III) Défense et illustration de la laïcité à l’étranger

Les très nombreuses réactions aux attentats des 7, 8 et 9 janvier 2014, qu’elles émanent des autorités politiques ou des autorités religieuses, ont été unanimes à condamner ces attaques terroristes et l’emploi de la violence au nom de la religion. Cette unanimité n’aura duré qu’une semaine. En effet, la parution d’un numéro extraordinaire de Charlie Hebdo le 15 janvier, comportant des caricatures jugées offensantes pour l’islam, a suscité une vague de critiques à travers le monde et provoqué dans de nombreux pays des manifestations dont certaines ont dégénéré de manière très violente. Ces événements ont montré une nouvelle fois que la conception française de la laïcité et notre attachement à la liberté d’expression étaient souvent mal compris dans le monde et parfois instrumentalisés de manière hostile à notre pays. Il en résulte clairement qu’il est plus que jamais nécessaire d’expliquer ce qu’est la laïcitéet ce qu’elle n’est pas, ainsi que d’exposer les raisons qui nous poussent à attacher la plus grande importance à la liberté d’expression et à refuser, par exemple, la pénalisation du blasphème ou de l’atteinte au sacré en droit international.

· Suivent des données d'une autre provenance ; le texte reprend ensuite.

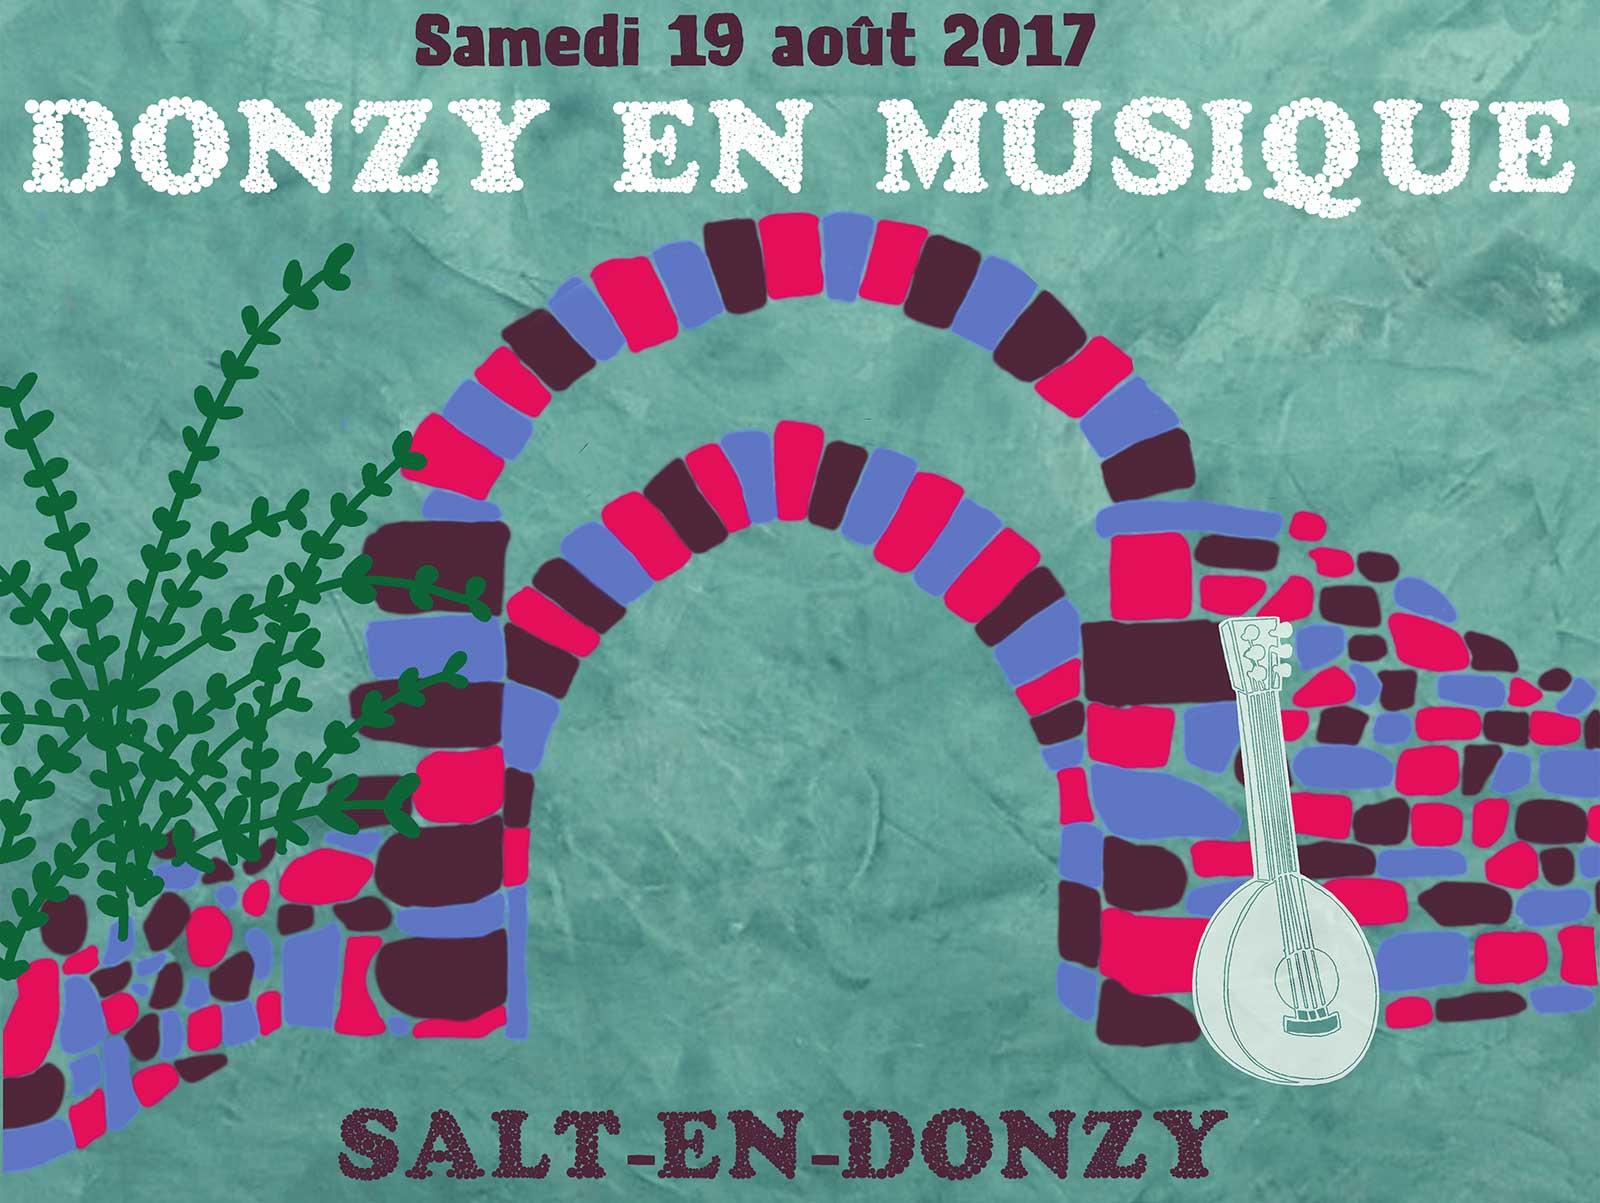 Donzy en musique 2017
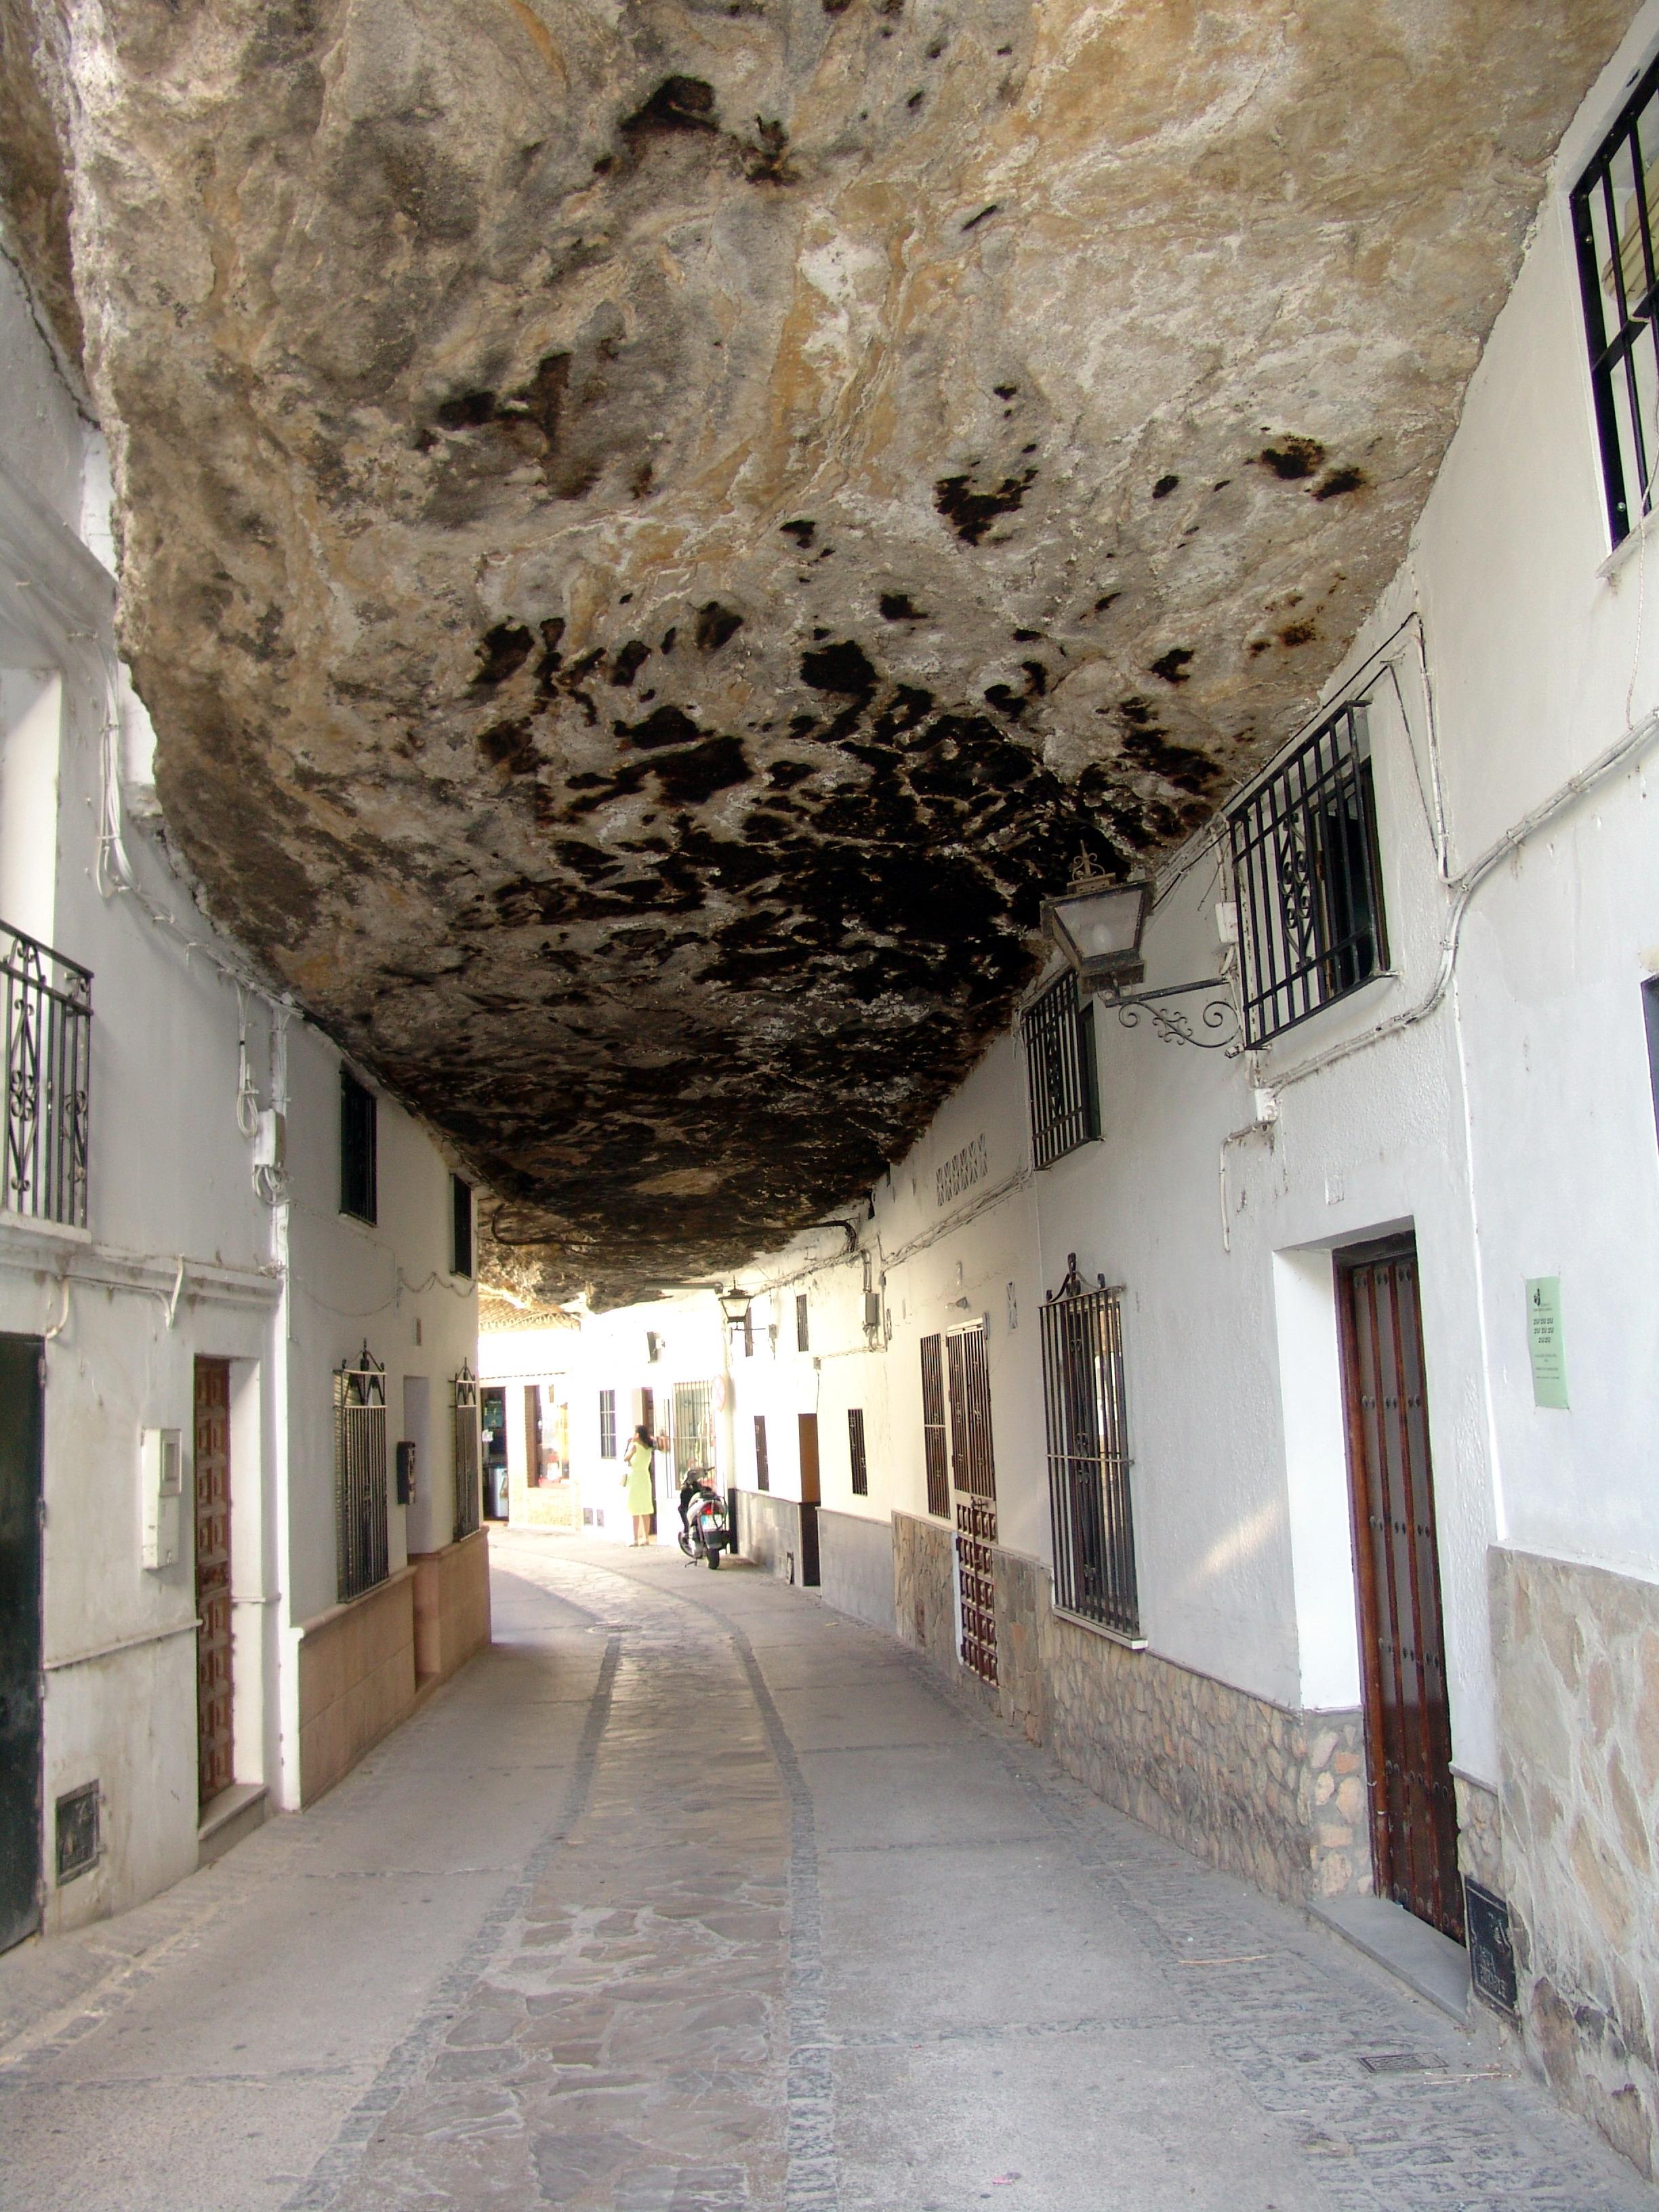 Vivir bajo una gigantesca roca: casas y pueblos ...

Dans cet esprit, la diplomatie française reste mobilisée dans les enceintes multilatérales ou dans ses échanges bilatéraux avec ses partenaires,afin d’éviter la mise en place de dispositions normatives contraires à la liberté d’expression et à la séparation du religieux et du politique, tout en maintenant son combat en faveur de la liberté religieuse, consacrée par le droit international comme une des libertés fondamentales. Les ambassades, qui sont également invitées à expliquer nos positions sur ces sujets dans leurs contacts réguliers avec leurs interlocuteurs, ont reçu des argumentaires en la matière. Le réseau de l’Institut français est également invité, là où cela est souhaitable, à inscrire la laïcité au nombre des thèmes prioritaires traités au titre du débat d’idées.

Enfin, il convient de signaler que le premier rapport de l’Observatoire de la laïcité (2013-2014) a été communiqué à l’ensemble des postes diplomatiques et consulaires, qui ont été invités à le diffuser largement et à établir sur leurs sites internet un lien y menant.